What would be the best choice a. Which charters would you Use?


----------



## kevbo3333 (Jun 5, 2017)

From what I understand the further west you go on the Gulf the better the fishing. Having said that both have good fishing.


----------



## Stonewall 2 (Jun 5, 2017)

Hardly worth your time you can't keep anything but a 4 grouper aggregate and you can't get past those overfished red snapper to get to the grouper.


----------



## kevbo3333 (Jun 5, 2017)

You can keep more than just 4 fish. I agree the seasons make it not as fun but it is Snapper season for 45 more days in federal water. You can keep two red snapper a piece plus grouper and I think one AJ plus the normal small reef fish


----------



## mbaker8686 (Jun 5, 2017)

Jaxon--if you are looking to go out of destin or Pensacola and want to share costs let me know. I'm down here by myself and would love to get out at some point


----------



## Ihunt (Jun 5, 2017)

kevbo3333 said:


> You can keep more than just 4 fish. I agree the seasons make it not as fun but it is Snapper season for 45 more days in federal water.
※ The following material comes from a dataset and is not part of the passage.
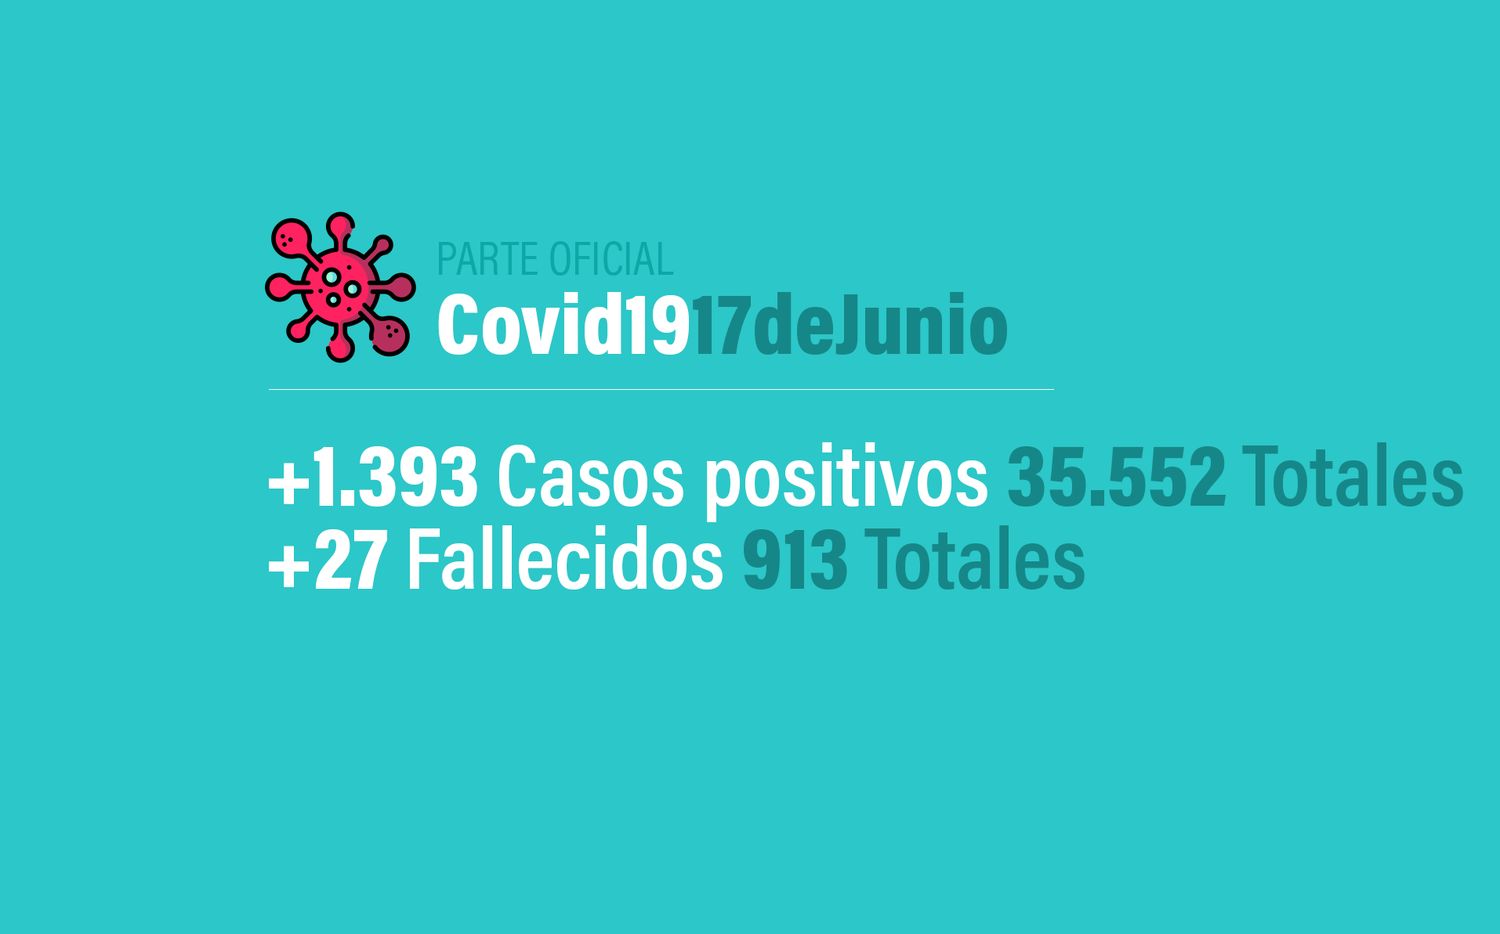 Coronavirus en Argentina: 1393 nuevos casos, 35552 confirmados y 913 muertes, al 17 de junio

You can keep two red snapper a piece plus grouper and I think one AJ plus the normal small reef fish



I thought it was only a three day season this year.


----------



## kevbo3333 (Jun 5, 2017)

Ihunt said:


> I thought it was only a three day season this year.



I believe it's a 3 day recreational season and a 49 day for hire season In federal waters. I think you can catch red snapper in state waters out of PCB and Destin which has like a 70 something day season. I could be wrong if so Simone please correct me.


----------



## flatsbroke22 (Jun 5, 2017)

Yes you are correct for hire boats have the extended season in fed waters. It would be possible to keep 2 red snapper 2 gags and 2 red grouper per person.


----------